_Exercise instructions_.
When you copy the material below, keep every line exact and omit the pictures.
------ Provided material
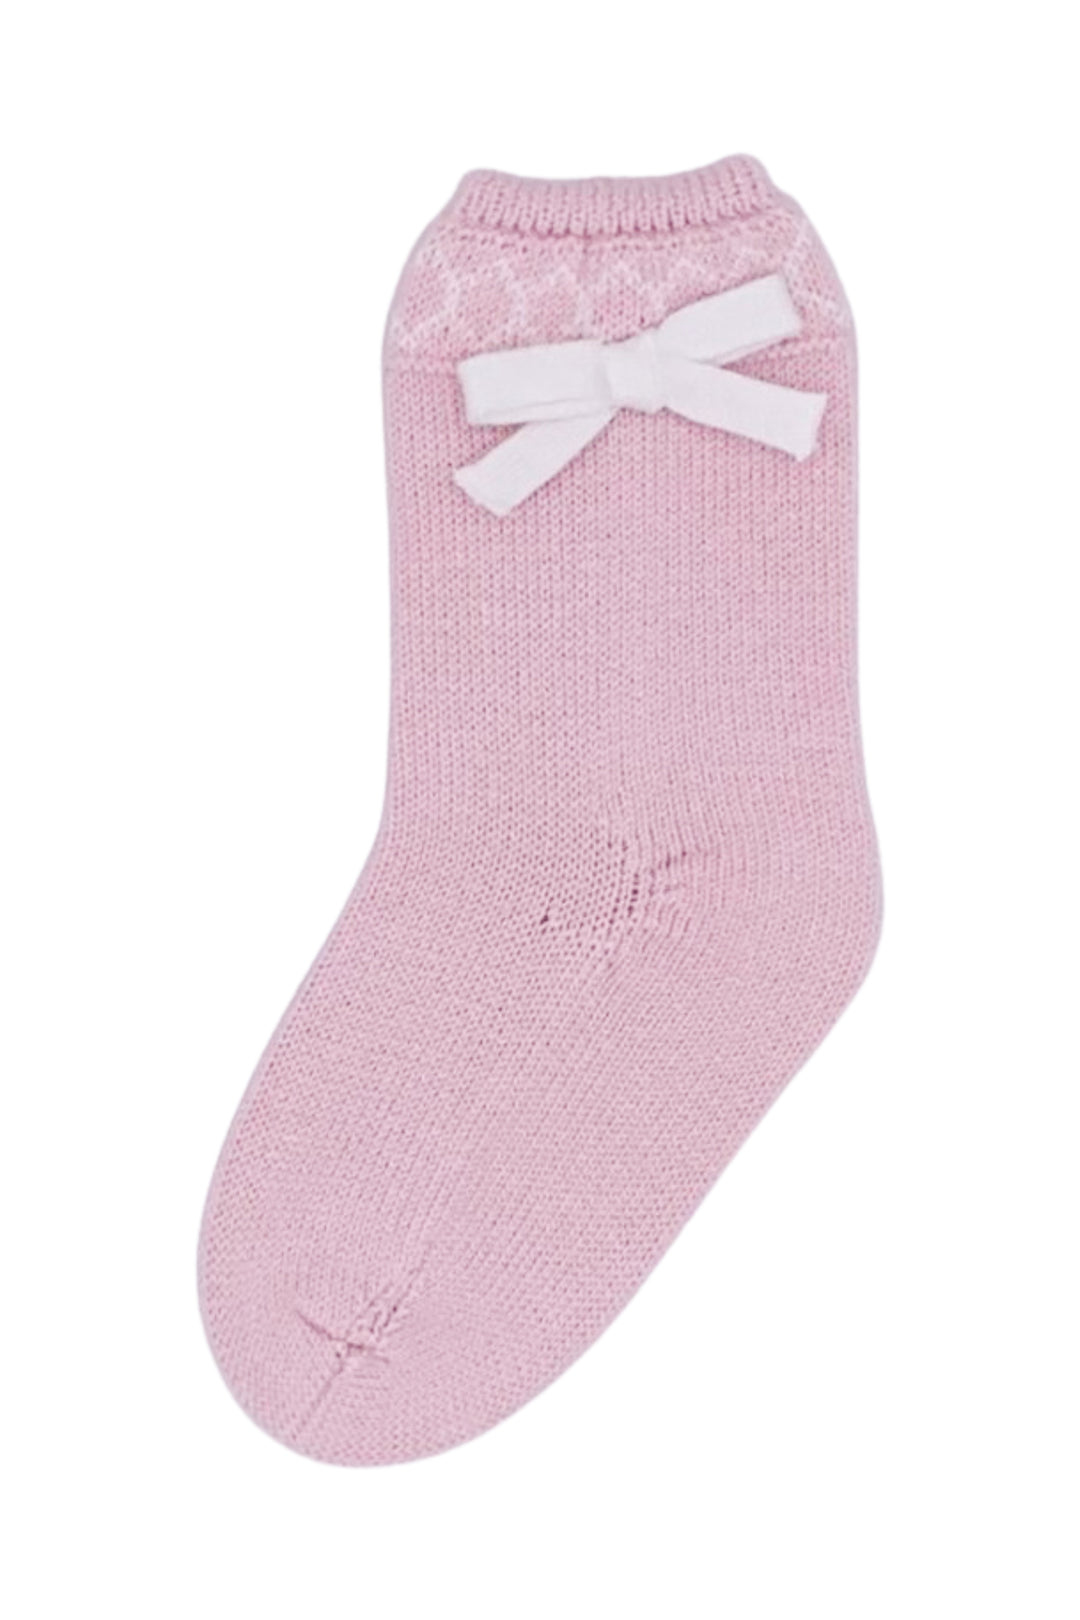 Rahigo Baby Pink Knee High Socks | Millie and John
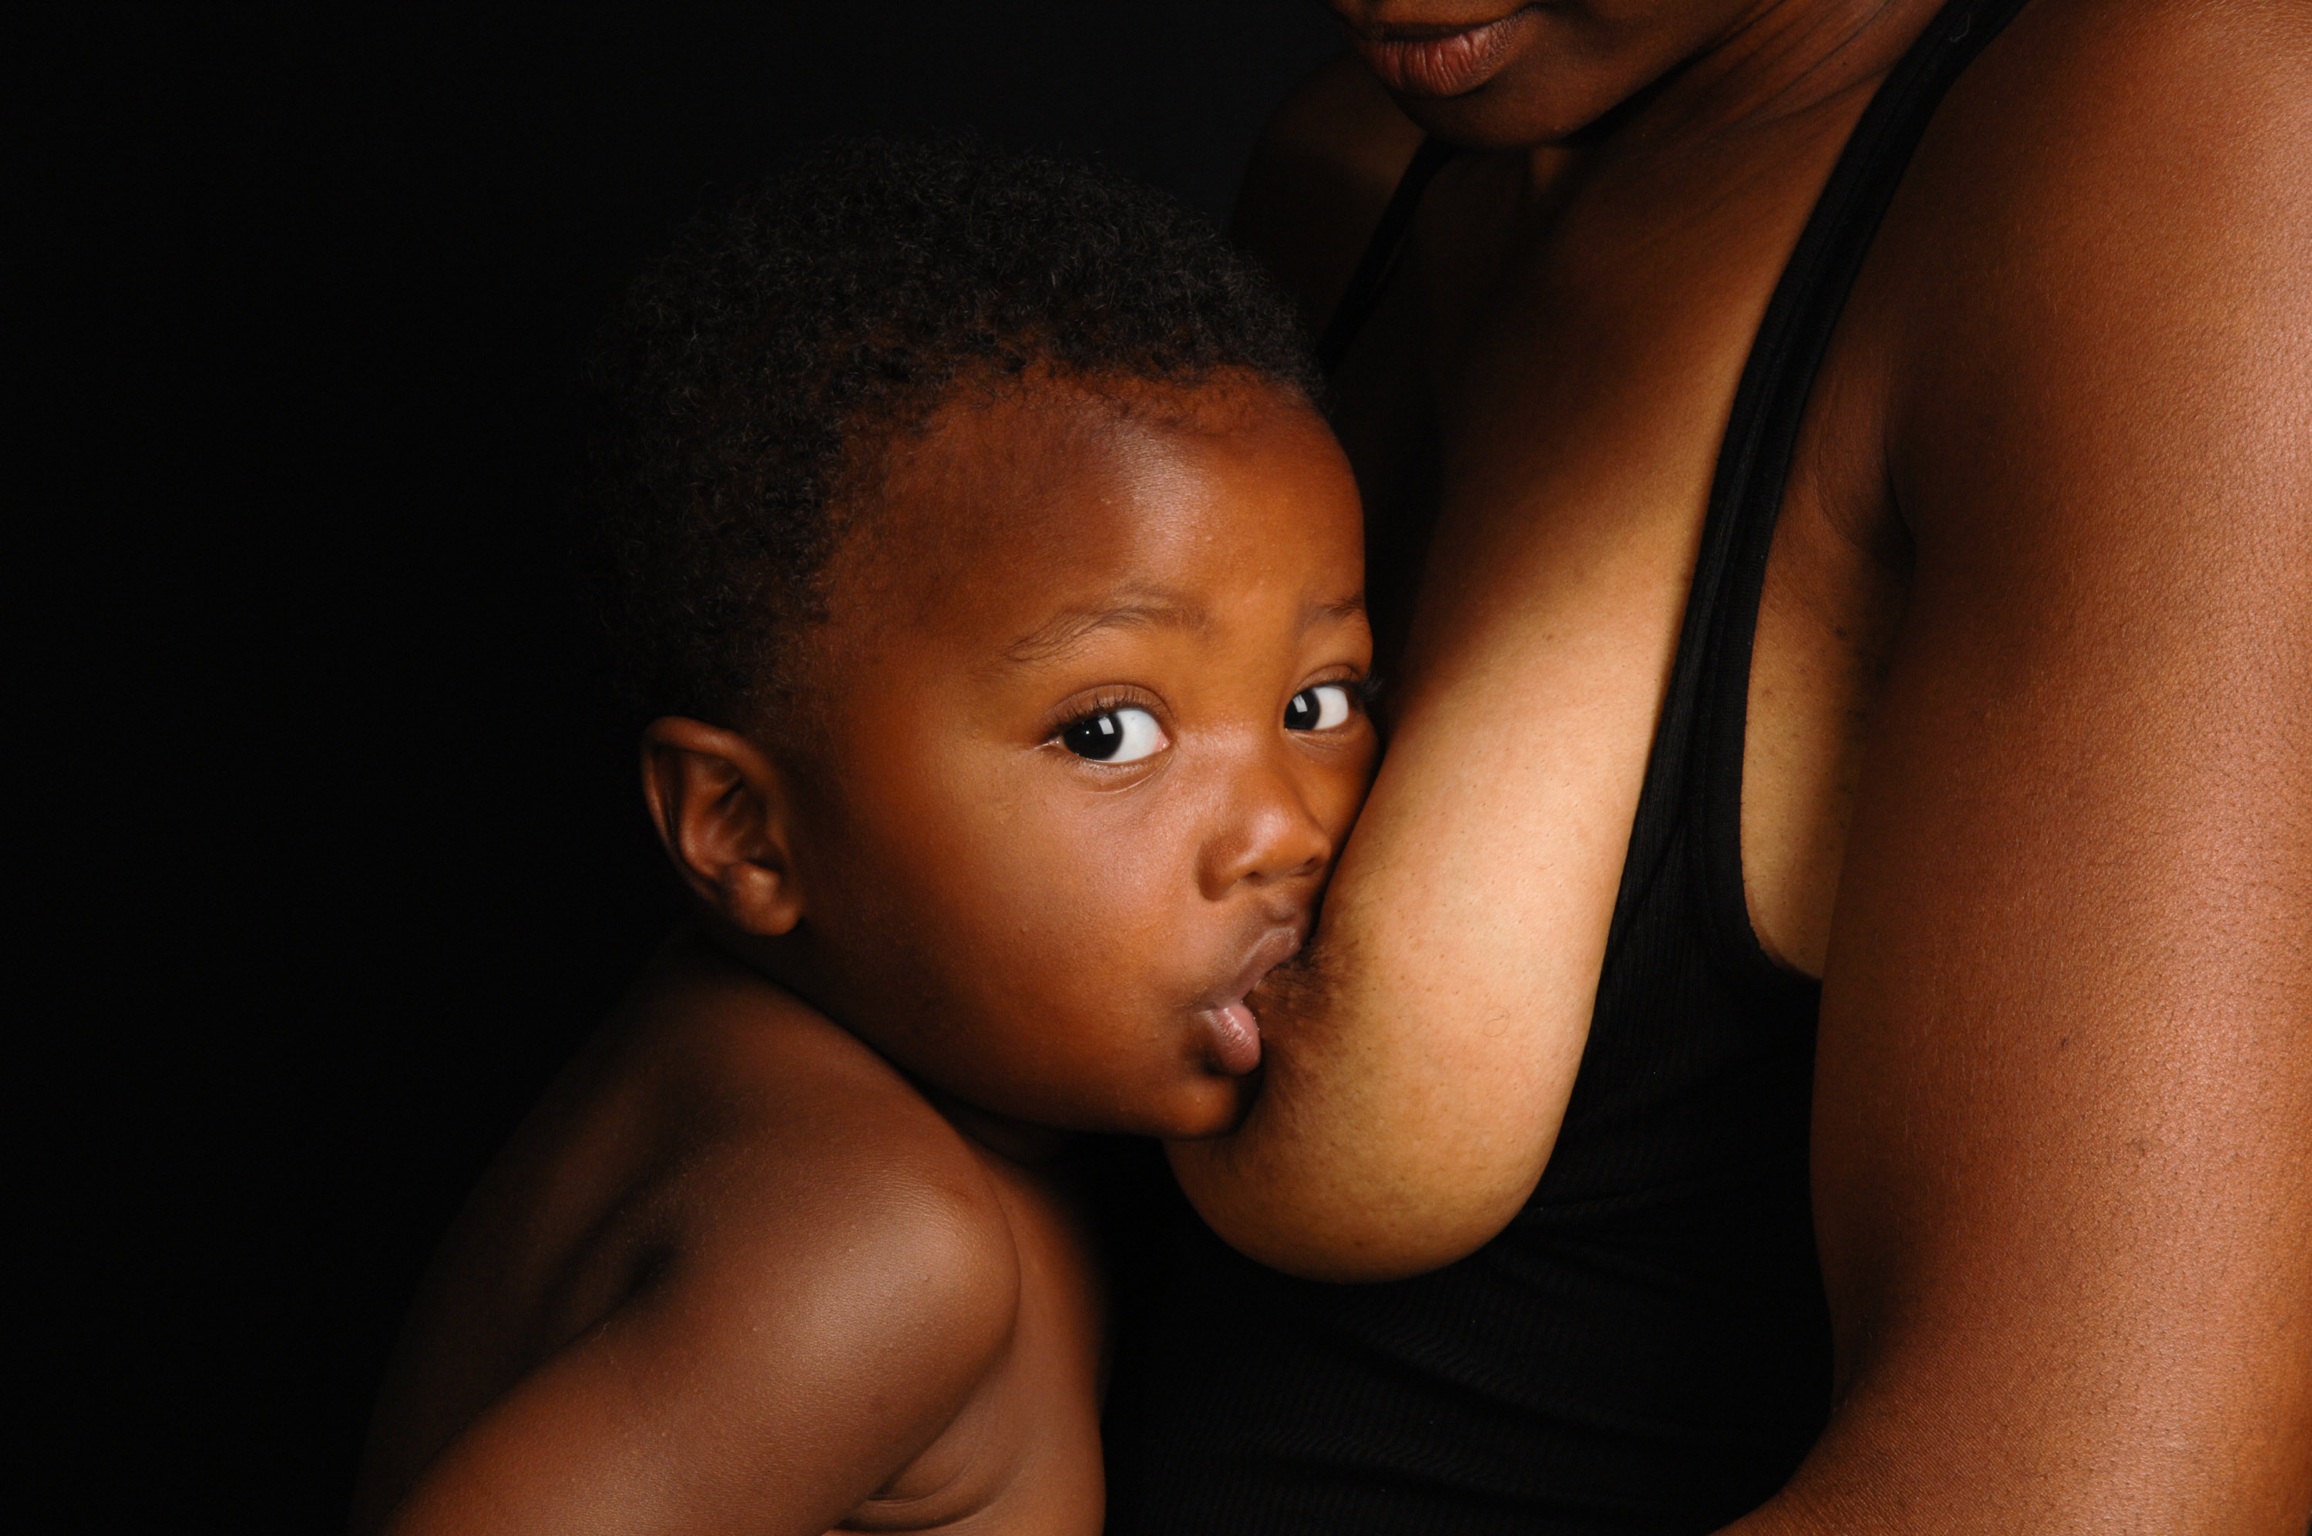 http://www.lactation-911.com/wp-content/uploads/2013/07/mother-baby-nursing.jpg
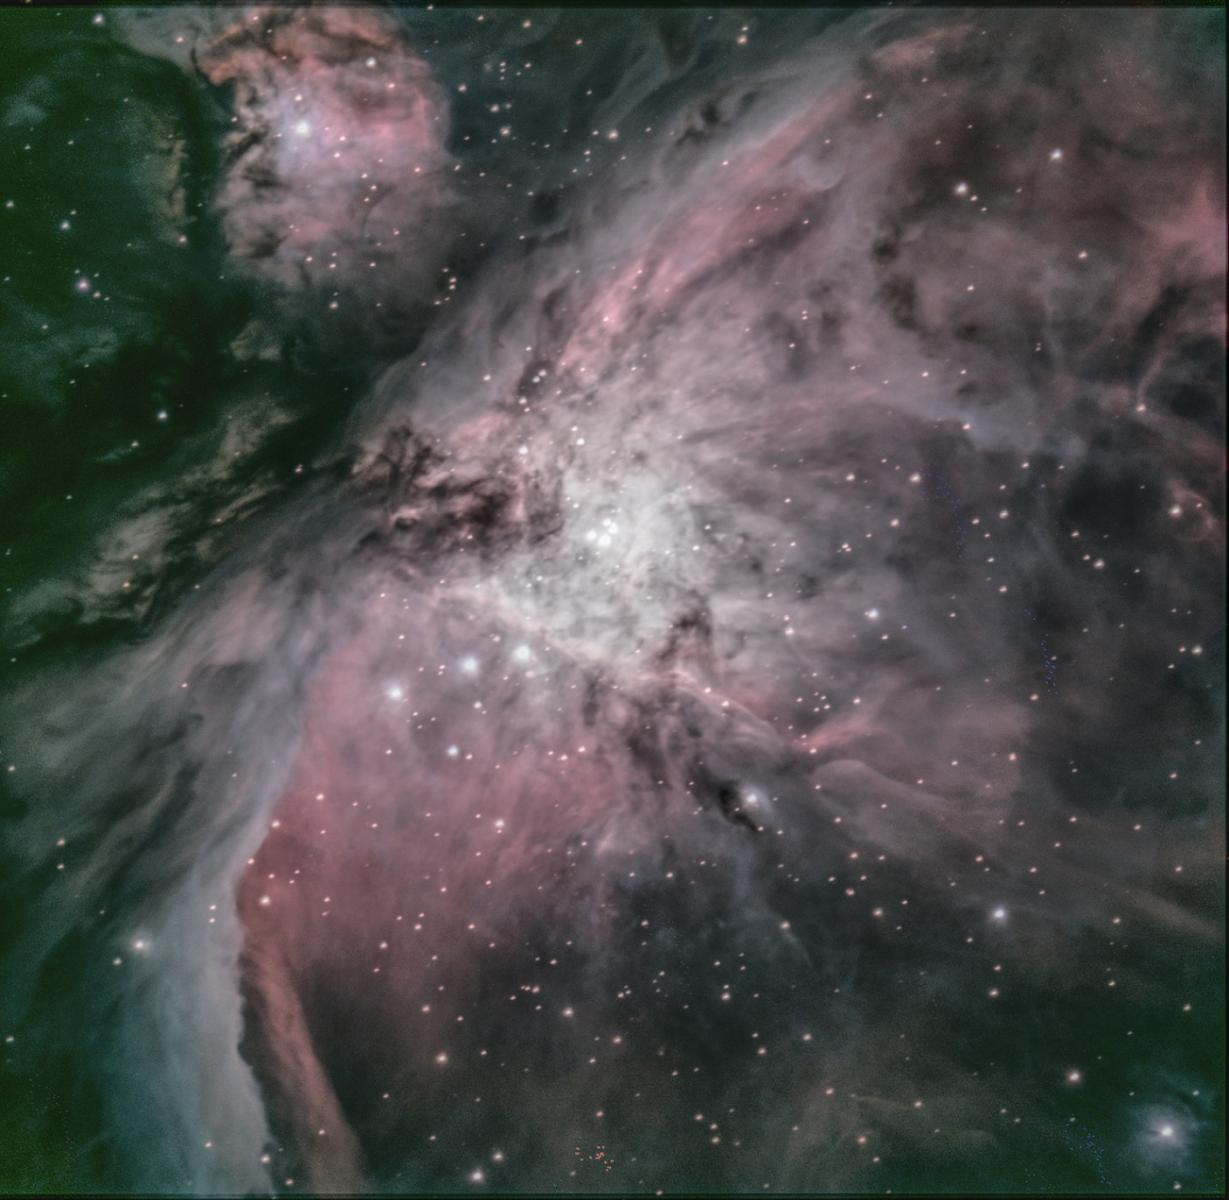 James Webb Telescope Discovers Orion Nebula Enigmas That 'Shouldn
------------
_Reply_.
 Rahigo Baby Pink Knee High Socks | Millie and John
 http://www.lactation-911.com/wp-content/uploads/2013/07/mother-baby-nursing.jpg
 James Webb Telescope Discovers Orion Nebula Enigmas That 'Shouldn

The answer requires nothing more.